[LC] 30. Substring with Concatenation of All Words

https://leetcode.com/problems/substring-with-concatenation-of-all-words/description/

December 1, 2022 - 3 minute read -
Sliding-Window

Problem Statement

You are given a string s and an array of strings words. All the strings of words are of the same length. A concatenated substring in s is a substring that contains all the strings of any permutation of words concatenated.

For example, if words = [“ab”,”cd”,”ef”], then “abcdef”, “abefcd”, “cdabef”, “cdefab”, “efabcd”, and “efcdab” are all concatenated strings. “acdbef” is not a concatenated substring because it is not the concatenation of any permutation of words. Return the starting indices of all the concatenated substrings in s. You can return the answer in any order.

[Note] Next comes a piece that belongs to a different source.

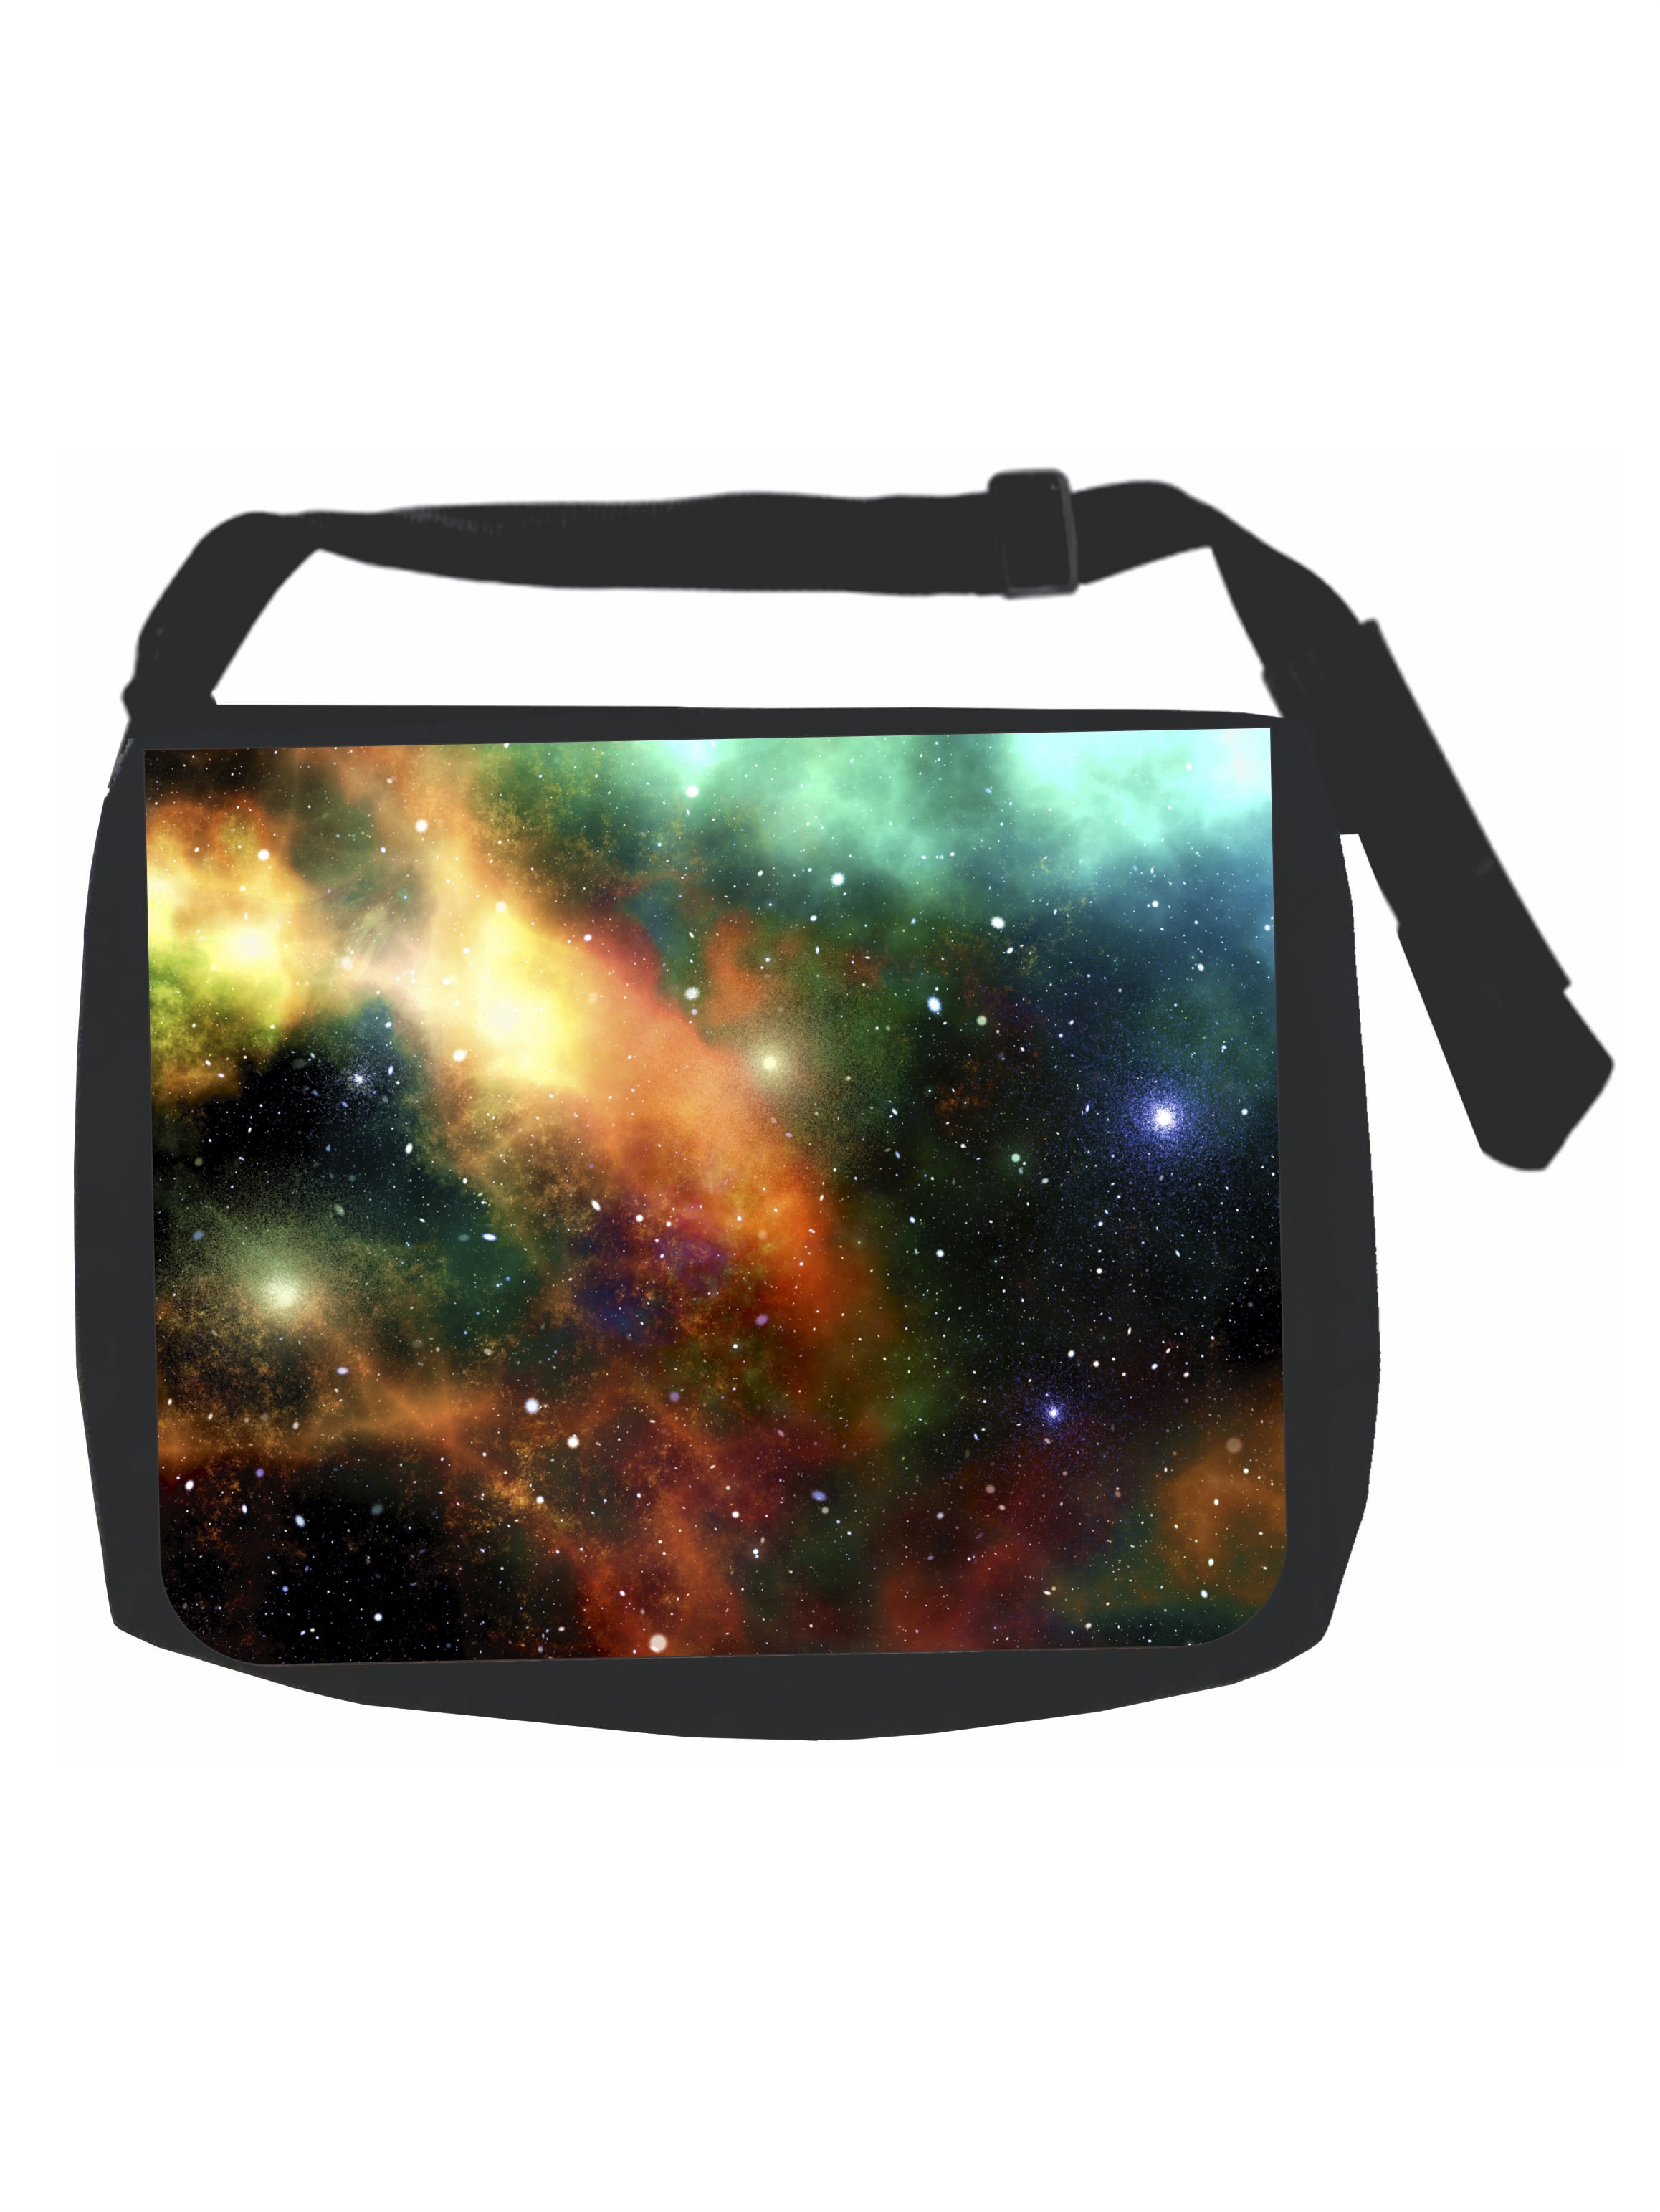 Space Planet Galaxy Business Briefcase Laptop Sleeve Bag/Handbag 13/15 Inch 
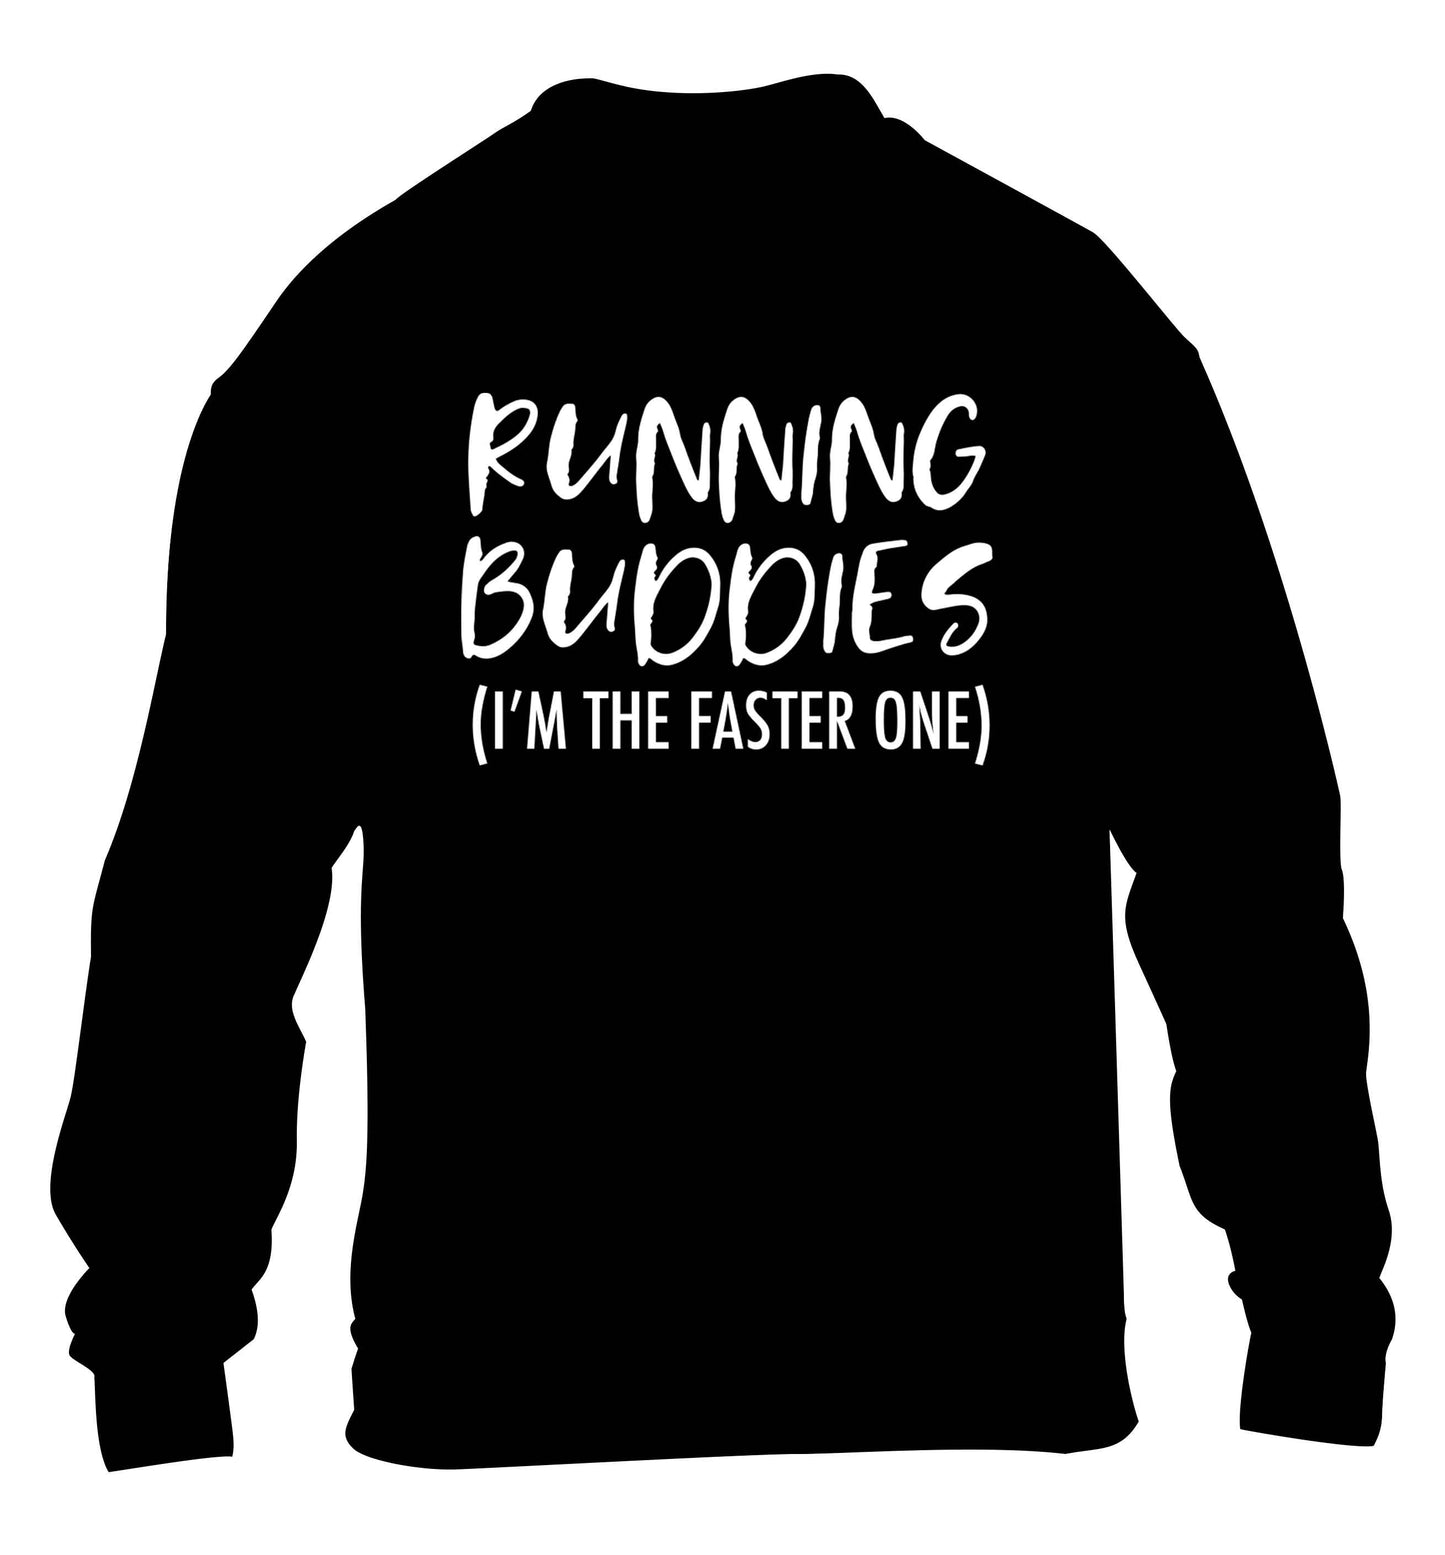 Running buddies (I'm the faster one) children's black sweater 12-13 Years

Example 1: Input: s = “barfoothefoobarman”, words = [“foo”,”bar”] Output: [0,9] Explanation: Since words.length == 2 and words[i].length == 3, the concatenated substring has to be of length 6. The substring starting at 0 is “barfoo”. It is the concatenation of [“bar”,”foo”] which is a permutation of words. The substring starting at 9 is “foobar”. It is the concatenation of [“foo”,”bar”] which is a permutation of words. The output order does not matter. Returning [9,0] is fine too.

Intuition

Naive Approach

  • A valid substring can start at any index so we need to iterate through s to account for all the possibilities for each start index
  • index i can be a start of a substring but it can also be a part of other substrings that started before i so we need ot account for these
  • This approach is very inefficient and we are not making use of the fact that the length of each word is equal to each other

Efficient Approach

  • Since we know the word length is fixed we can basically check if every word with length n
  • for example when s is 1234, when word length is 3, we should just ignore 12, 23, 34

Approach

Slding Window

  1. create a hashmap and store frequencies of each word in words
  2. iterate through 0 ~ wordlen - 1
    • 0 ~ wordlen - 1 will be used as the start index for each potential substring
  3. use sliding window technique
  4. get the first wordlen chars and see if it exist in the hashmap
  5. if the word does not exist, we need to reset the substring
  6. if it does exist and cnt is set to 0, increment 0 until cnt is back to 1
  7. decreate the cnt for this word
  8. if all the words have been visited we know that this substring is a valid substring
    • increment left so that we can check if this again can create another valid substring in the next iteration

Complexity

  • when length of s is n, length of each word is a, length of words is b
  • Time complexity: O(b + n * a)

Code

    void check(string & s, int start, unordered_map<string, int> & cnt1, vector<int> & answer, int word_len, int size) {
        int l = start;
        int left = size;
        unordered_map<string, int> cnt = cnt1;
        unordered_map<int, string> cache; 
        for (int r = start; r < s.length(); r += word_len) {
            string str = s.substr(r, word_len);
            if (cnt.find(str) == cnt.end()) {
                l = r + word_len;
                left = size;
                cnt = cnt1;
            }
            else {
                while (cnt[str] == 0) {
                    cnt[cache[l]]++;
                    l += word_len;
                    ++left;
                }
                cache[r] = str;
                --cnt[str];
                --left;
                if (!left) {
                    answer.push_back(l);
                    cnt[cache[l]]++;
                    l += word_len;
                    ++left;
                }
            }
        }
    }
    vector<int> findSubstring(string s, vector<string>& words) {
        int word_len = words[0].length();
        if (s.length() < word_len) return {};
        unordered_map<string, int> cnt;
        vector<int> answer;
        for (string & word: words) {
            ++cnt[word];
        }
        
        for (int i = 0; i < word_len; ++i) {
            check(s, i, cnt, answer, word_len, words.size());
        }

        return answer;
    }